Nasional

Rupiah Kokoh Rp14.239 per Dolar AS Kena Efek BI dan The Fed

Ilustrasi rupiah dan dolar AS.

GILANGNEWS.COM - Nilai tukar rupiah tercatat di posisi Rp14.239 per dolar Amerika Serikat (AS) pada perdagangan pasar spot Kamis (22/8) sore. Rupiah menguat 0,03 persen dibandingkan penutupan pada Rabu (21/8) yakni Rp14.244 per dolar AS.

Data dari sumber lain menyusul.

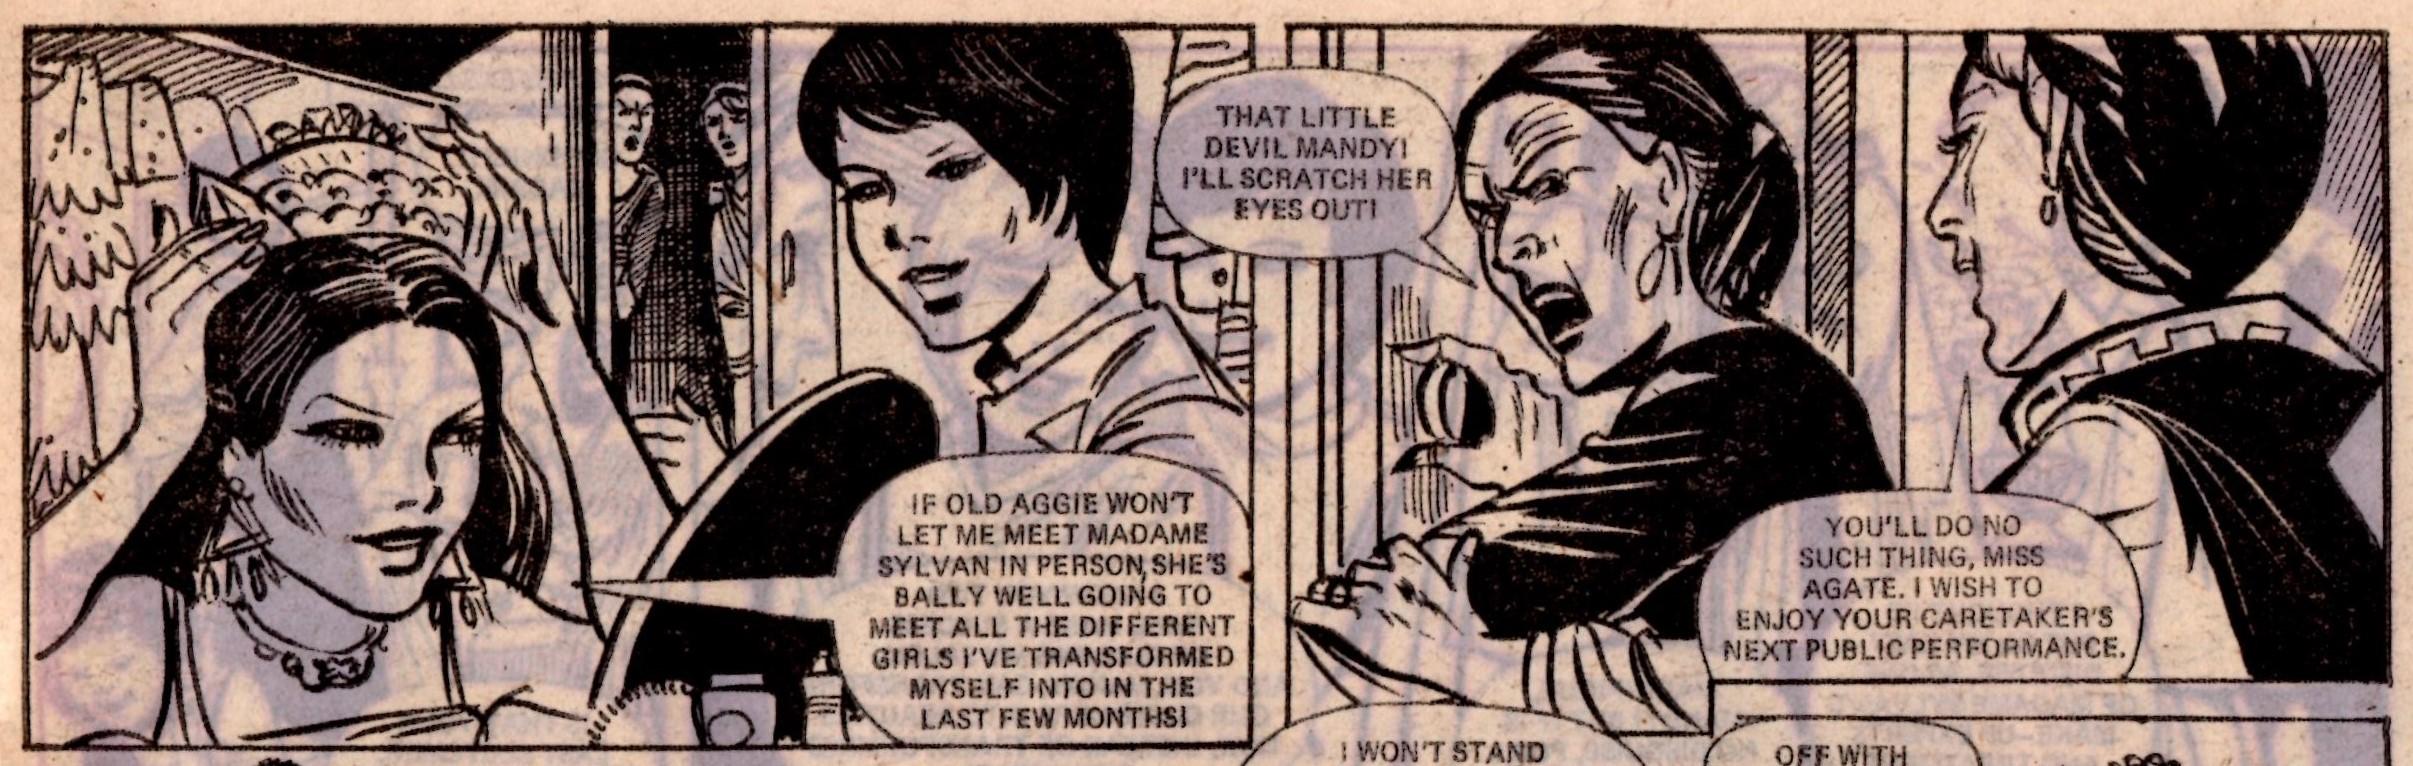 Made-up Mandy: Audrey Fawley (artist)
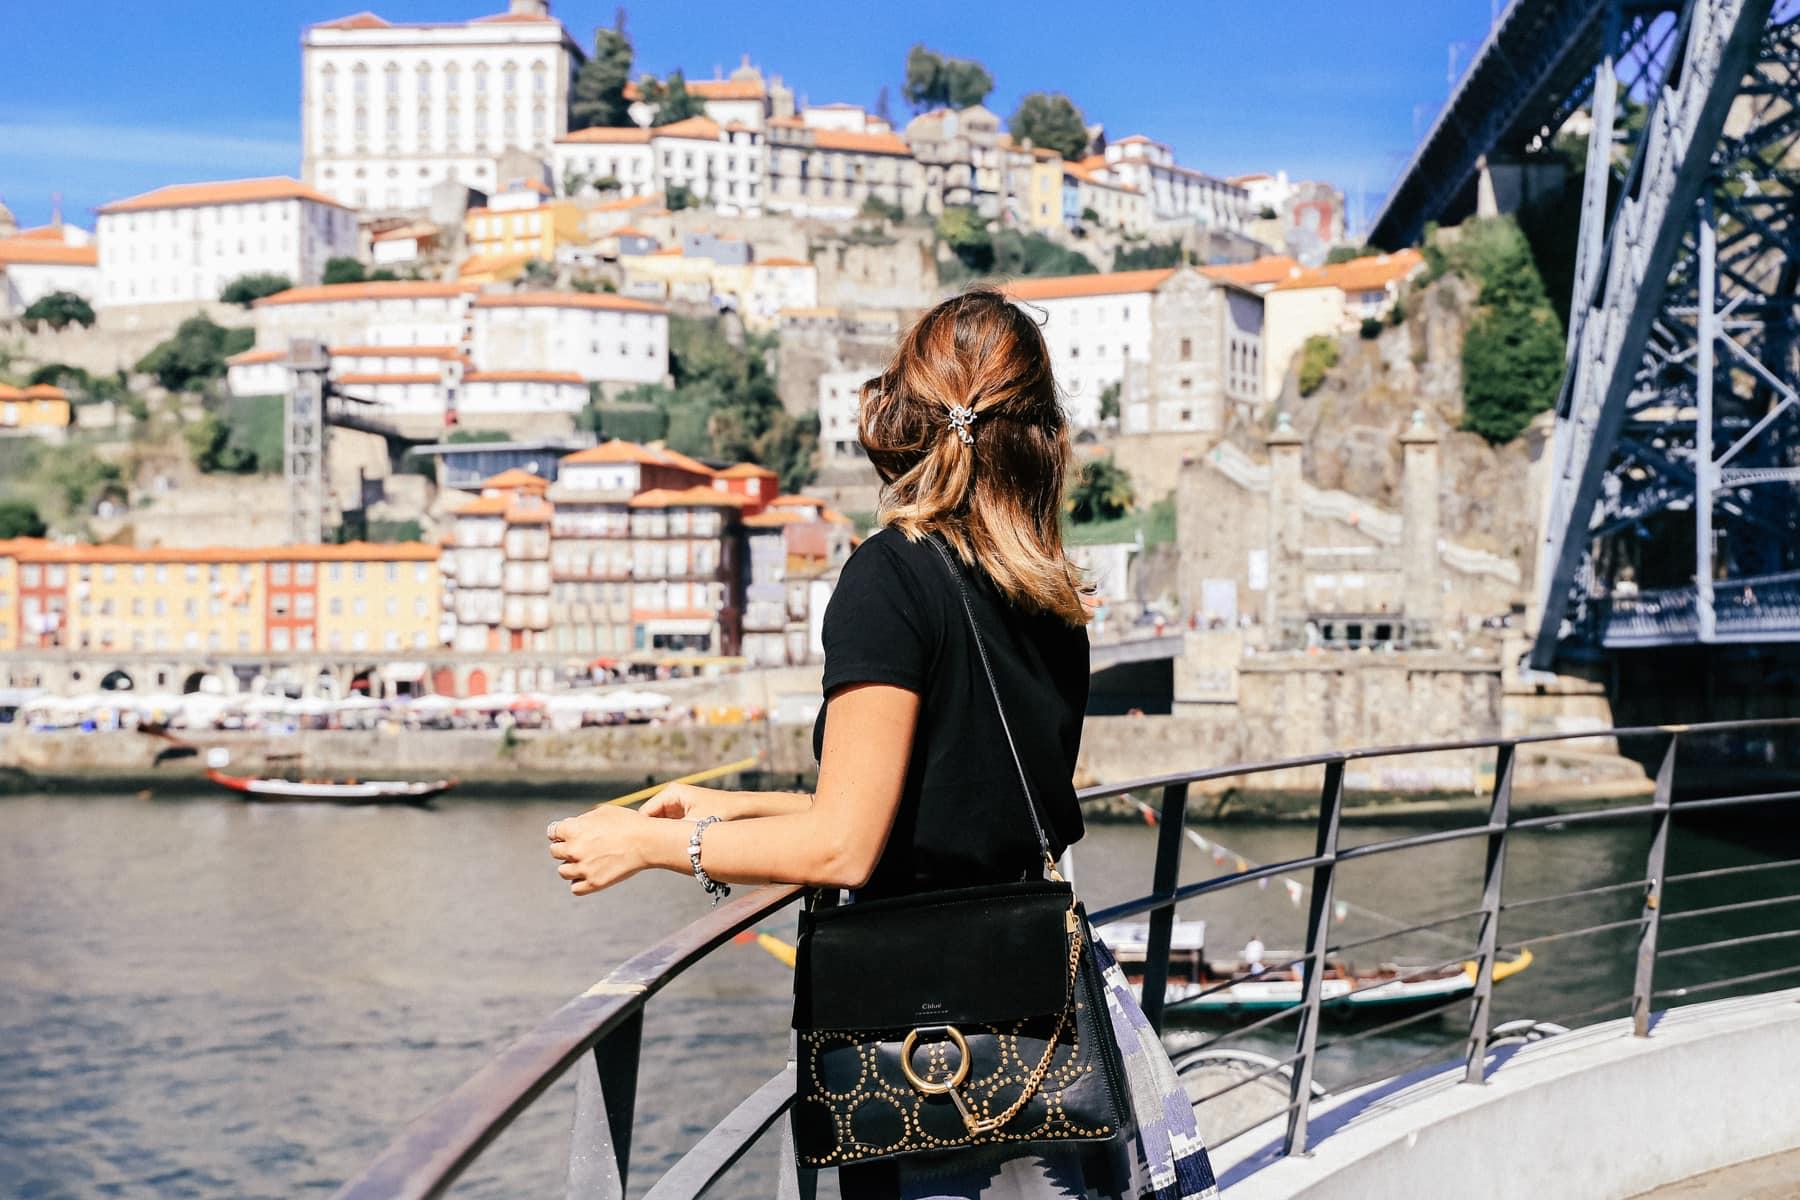 zehn-porto-tipps-fuer-deine-staedtereise-in-portugal-reiseblog-des-belles-choses 58

Sementara itu, kurs referensi Bank Indonesia Jakarta Interbank Spot Dollar Rate (JISDOR) menempatkan rupiah di posisi Rp14.234 per dolar AS atau menguat dibanding kemarin Rp14.259 per dolar AS. Pada hari ini, rupiah berada pada rentang Rp14.226 per dolar AS hingga Rp14.247 per dolar AS.

Sore hari ini, sebagian besar mata uang utama Asia melemah terhadap dolar AS. Peso Filipina melemah 0,11 persen, ringgit Malaysia melemah 0,14 persen, dolar Singapura melemah 0,16 persen, yuan China melemah 0,35 persen, won Korea Selatan melemah 0,41 persen, dan rupee India melemah 0,5 persen.

Namun, terdapat juga mata uang yang menguat seperti dolar Hong Kong sebesar 0,01 persen, baht Thailand sebesar 0,03 persen, dan yen Jepang sebesar 0,22 persen.

Mata uang negara maju juga menguat terhadap dolar AS, seperti euro sebesar 0,13 persen dan poundsterling Inggris sebesar 0,21 persen. Sementara dolar Australia melemah 0,18 persen.

Direktur Utama PT Garuda Berjangka Ibrahim mengatakan pergerakan rupiah hari ini disebabkan penurunan suku bunga acuan BI 7 Days Reverse Repo Rate (7DRRR) sebesar. 25 basis poin. Hal ini dilakukan BI untuk menjaga momentum pertumbuhan ekonomi domestik di tengah tekanan ekonomi global.

Kemudian, pergerakan rupiah juga disebabkan atas antisipasi pidato Gubernur The Fed di Wyoming Jumat esok. Pelaku pasar menanti pidato tersebut setelah AS mulai menunjukkan tanda-tanda resesi setelah imbal hasil obligasi pemerintah jangka pendek lebih besar dibanding jangka panjang, atau biasa disebut inverted yield curve.

Pidato ini lebih ditunggu pelaku pasar ketimbang risalah The Fed (minutes of meeting) yang dirilis pada Rabu (21/8) waktu setempat. "Pasar masih secara luas mengharapkan penurunan suku bunga lebih lanjut karena pertumbuhan melambat," jelas Ibrahim, Kamis (22/8).